February 11 News: The White House led a new round of consultations with representatives from the cryptocurrency and banking industries regarding the stablecoin provisions in the Market Structure Bill. Participants generally described the meeting as “productive,” but no consensus was reached on the core disagreements.
Ripple Chief Legal Officer Stuart Alderoty posted on X that both sides are trying to find room for compromise, and both parties remain optimistic about legislation on crypto market structure. He emphasized that this is a critical window for advancing the implementation of the US crypto regulatory framework.
Congress aims to pass a bill that clearly defines the responsibilities and boundaries of US regulators over the digital asset market.

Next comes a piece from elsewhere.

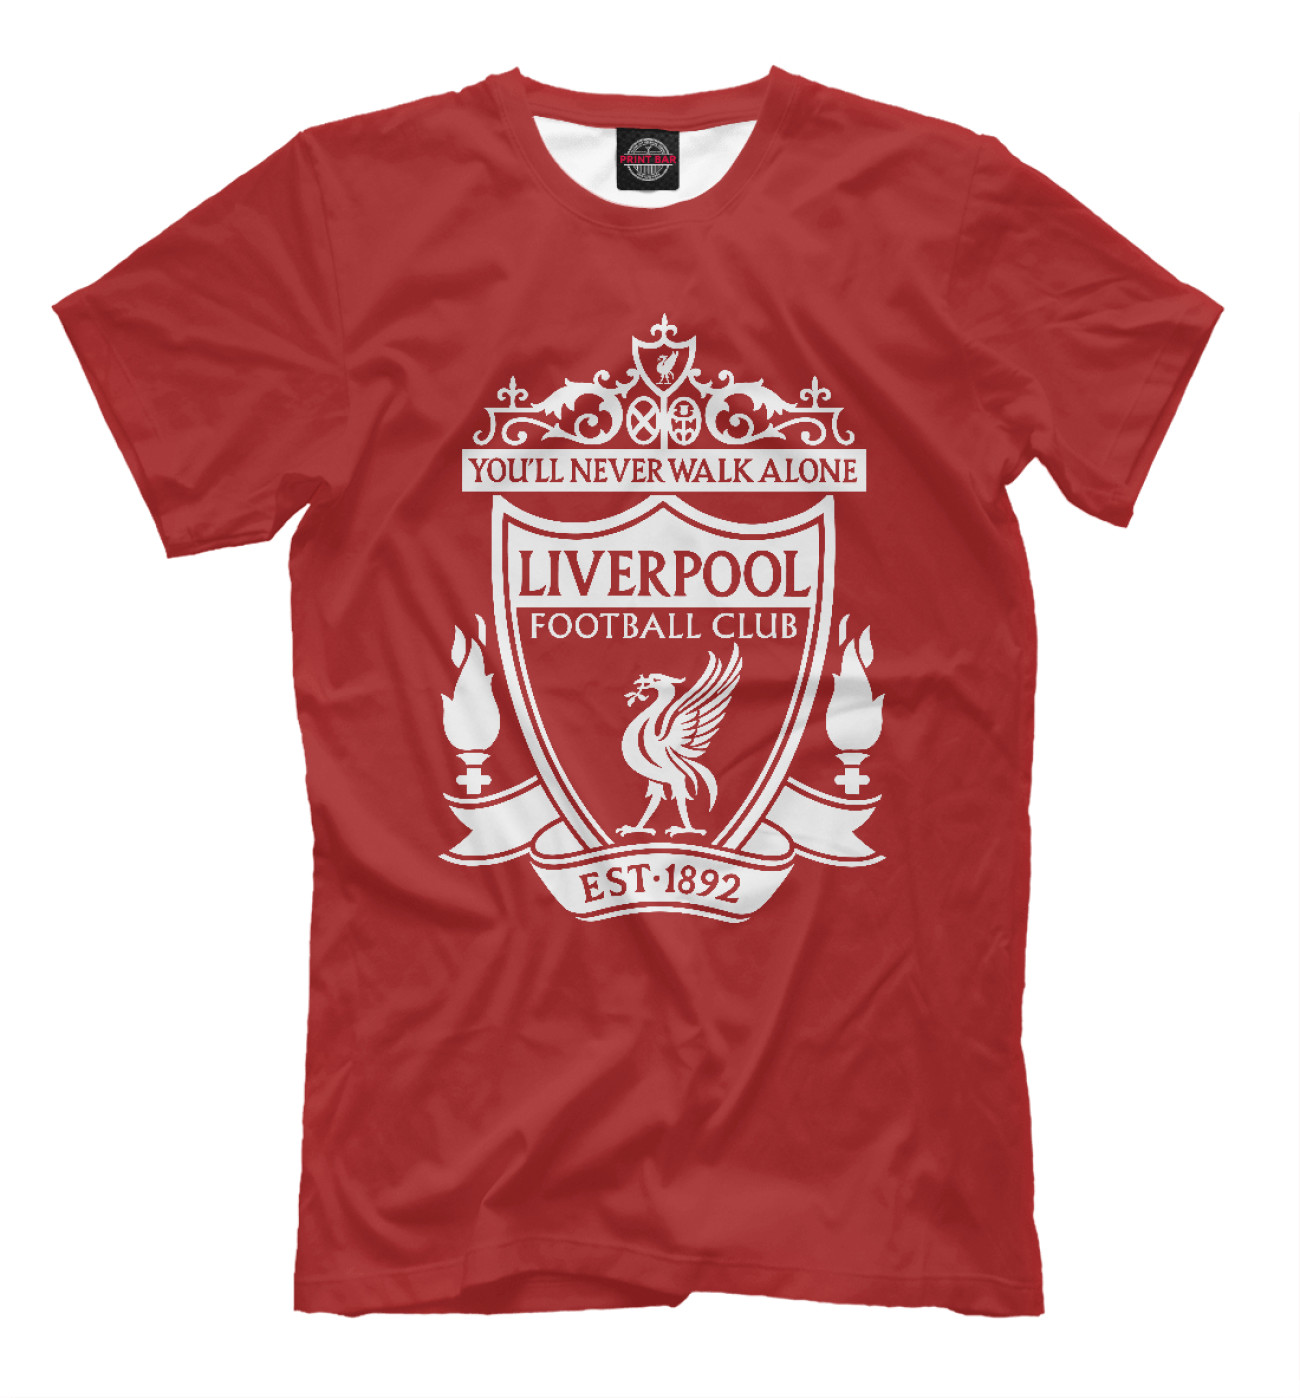 Мужская Футболка Liverpool FC Logo, артикул: LVP-249930-fut-2

The House previously passed the CLARITY Act, but progress stalled in the Senate Banking Committee due to lack of bipartisan support. Last month, major industry lobbyists and the largest US compliant CEX withdrew support over a clause in the bill that bans stablecoins from paying yields to holders, further pressuring the legislative process.
Banking groups believe that third-party platforms offering yields to stablecoin users could undermine bank deposits and pose risks to financial stability. Therefore, they advocate for including a comprehensive “prohibition on yields and interest” in the bill. The crypto industry, however, argues that such restrictions could stifle innovation and weaken the competitiveness of stablecoins in cross-border payments and fund management.
This is the second meeting between the two sides at the White House within two weeks. Dan Spuller from the Blockchain Association said the meeting was smaller and more focused, but the issue of stablecoin reward mechanisms remains the biggest point of disagreement. Meanwhile, three major industry organizations, including the American Bankers Association, issued a joint statement emphasizing the need for ongoing dialogue to balance innovation and security.
Mike Belshe, CEO of BitGo, called for an end to the old disputes surrounding the GENIUS Act and urged the swift progress of market structure legislation. He believes that the issue of stablecoin yields should no longer hinder the development of the entire crypto regulatory framework.
Industry experts generally agree that the direction of stablecoin regulation will profoundly impact the structure of the US crypto market, the pace of institutional participation, and the global digital asset regulatory landscape.